— Почему ты сам не сообщил? Вместо тебя посторонние люди…
Я махнул рукой и на посторонних людей, и на прочие мелочи, мешавшие наслаждаться сознанием факта, что дочь рядом со мной.
— Как твои ноги? — спросила Аля, избегая обнаружить своим вопросом, что предварительно успела поговорить с врачом, и придавая голосу и лицу невинное, ничего не значащее выражение.
— Пустяки, — ответил я.
— Старайся беречь себя.
— Не велика ценность…
— Папка! — пригрозила Аля, и это случайно вырвавшееся слово заставило судорожно сокращаться мои слезные железы. Взгляд будто туманом застлало…
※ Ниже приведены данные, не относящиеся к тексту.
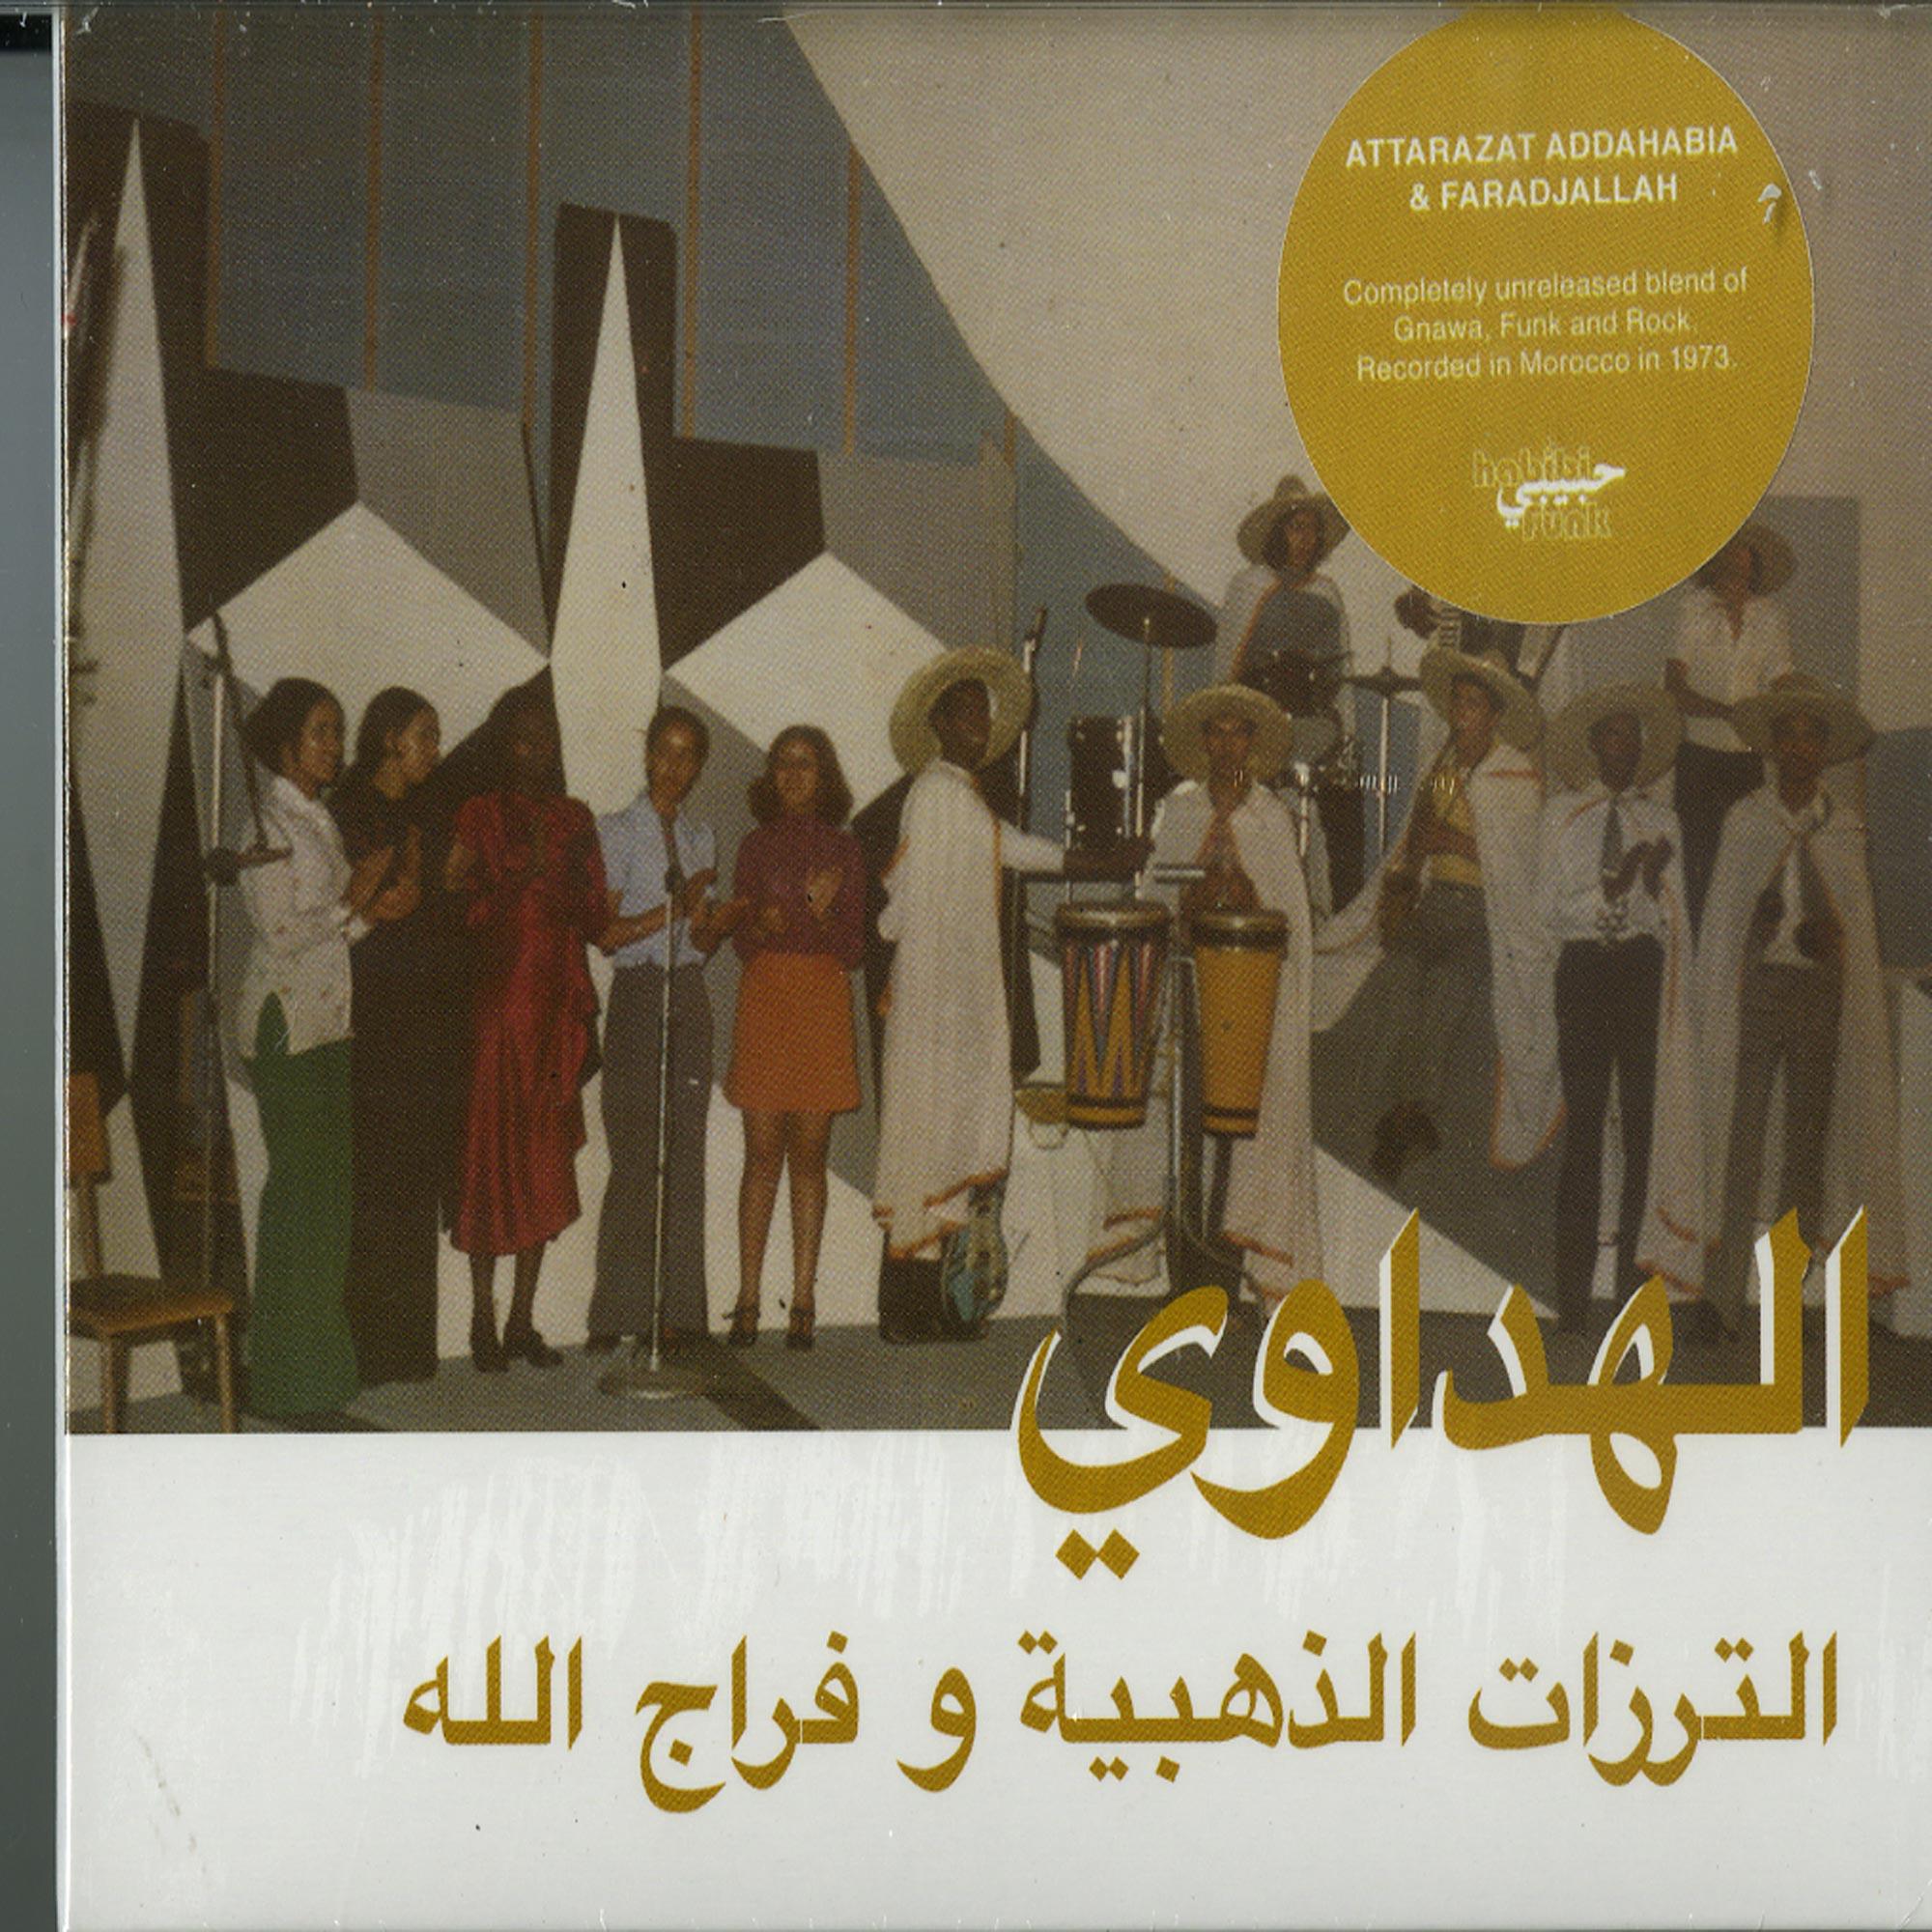 Attarazat Addahabia & Faradjallah - AL HADAOUI
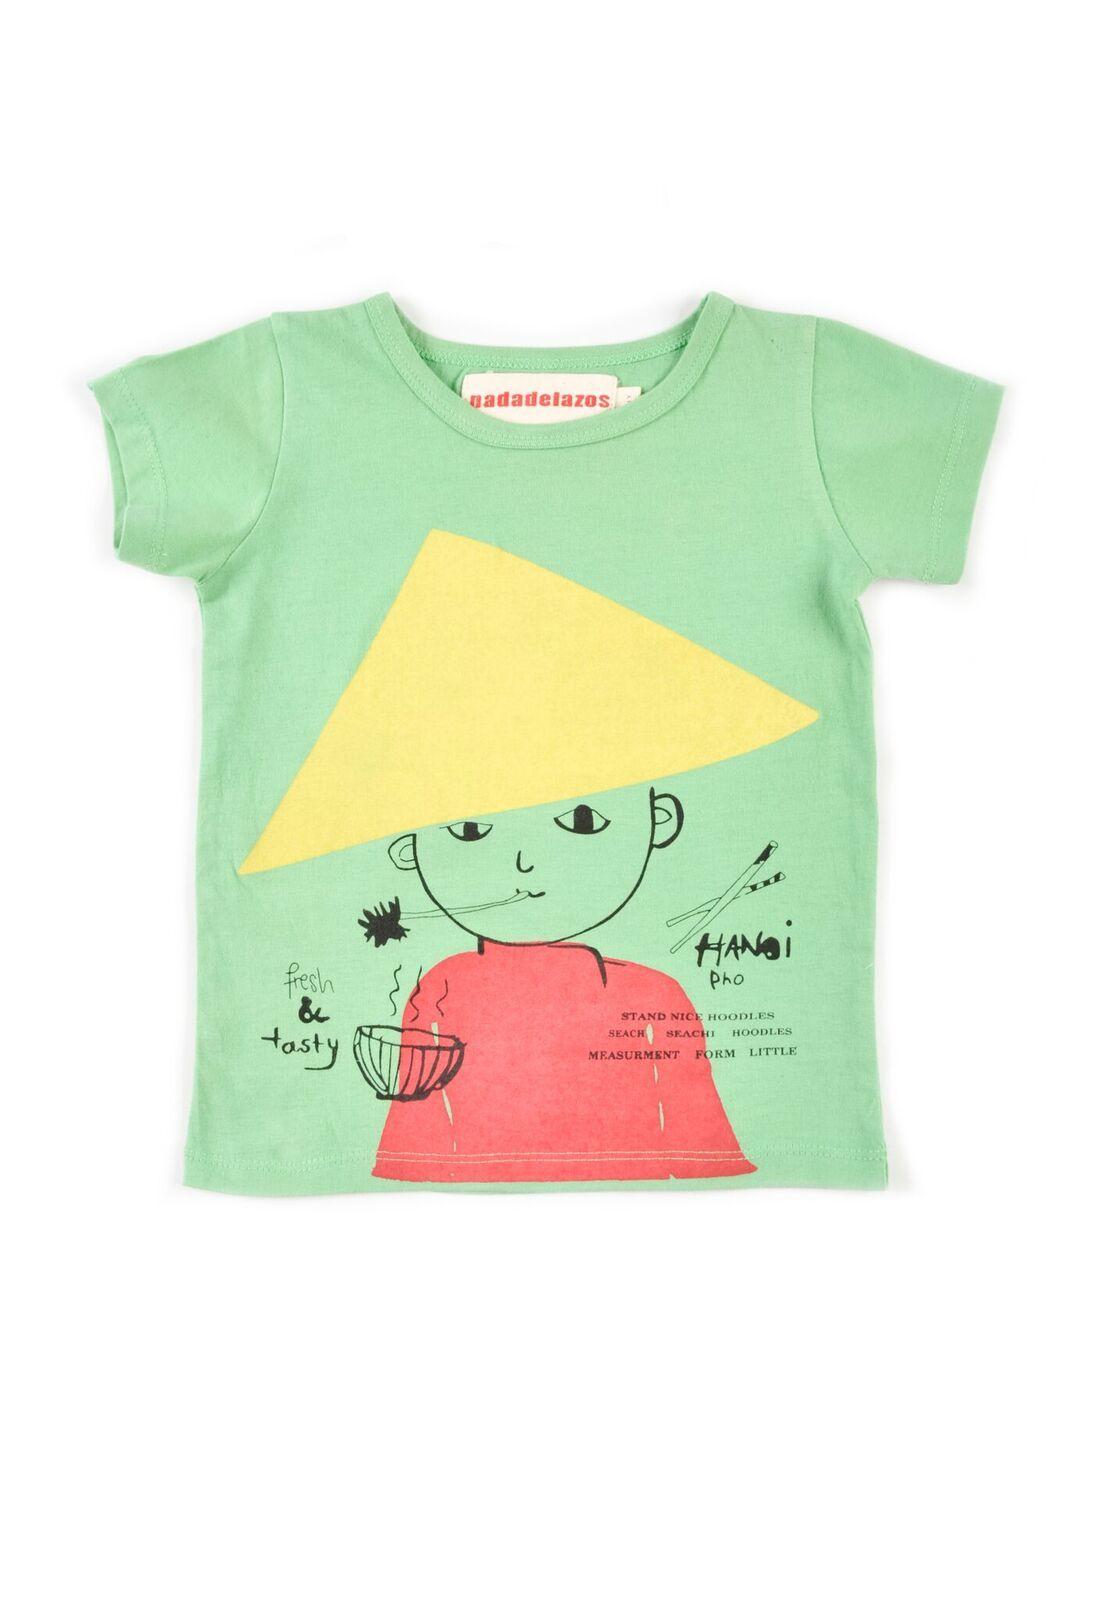 82a405f2a3f6 Οργανική κοντομάνικη μπλούζα - HUΕ 100% οργανικό βαμβάκι jersey nadadelazos παιδικα  ρουχα

— Я плохой человек. И негодный отец!
— Ну что ты! Что ты! — утешала меня дочь. — Ты хороший, просто ты немного поотстал в науке!
— Ты считаешь?
Я настолько смягчился и был расслаблен, что ощущал готовность со всем соглашаться.
— Конечно, Петр Петрович, — дружелюбно сказал Панкратов, выгружавший из саквояжа пакеты с замороженной клубникой.
— Спасибо… Я поотстал, а вы, значит, впереди!
— Да, нас приглашают… во многие вузы.
— В какие же?
— Во многие, папочка, — с интригующей улыбкой повторила Аля, как бы внушая, что до поры до времени вынуждена не расшифровывать подробности.
— Поздравляю. И вы по-прежнему полагаете, что в литературе все можно вычислить и запрограммировать?
— Уверены!
Меня подбросило.
— Ах так?! Тогда знайте, я буду с вами спорить, я буду бороться! Университетская кафедра никогда…
— Хорошо, хорошо… — Аля с досадой морщилась, как бы жалея, что начала этот разговор.
— …где угодно, но университет не место…
— Ты только не волнуйся.
— Пока я на кафедре… я…
Мне не хватало воздуха, чтобы высказать накипевшее негодование.
— Да, ты не допустишь, не позволишь… Это мы знаем, — успокоила меня Аля.
Я еще поворчал немного, словно снятый с огня чайник, затем лег на подушку, и мы стали есть оттаявшую клубнику.
X
Снова был апрель. Выписавшись из больницы, я сам заговорил с начальством об уходе. Я понимал: еще одно столкновение с Панкратовым и его верной ратью, и меня уже ничто не спасет. Об этом же предупреждали врачи, поэтому я скрепя сердце подал заявление, и меня торжественно проводили на покой, подарили на память мраморный чернильный прибор с выгравированной надписью и обещали приглашать в редколлегию университетских сборников. С мраморной доской под мышкой я вырвался на весенний бульвар. Воздух слегка горчил, отдавая жестью оттаявших водосточных труб, дворники скалывали лед и сдвигали лопатами сугробы, выталкивая их на мостовые. На душе у меня было горько…
Замену мне быстро нашли. Это был мой коллега, которого я хорошо знал и которому начальство вполне доверяло. Именно он-то и взял на кафедру Панкратова. Все ждали от меня бурного негодования и были уверены, что я вмешаюсь, постараюсь не допустить. Но вместо этого я позвонил Панкратову и поздравил его, хотя сам я остался без университета, как собака без конуры.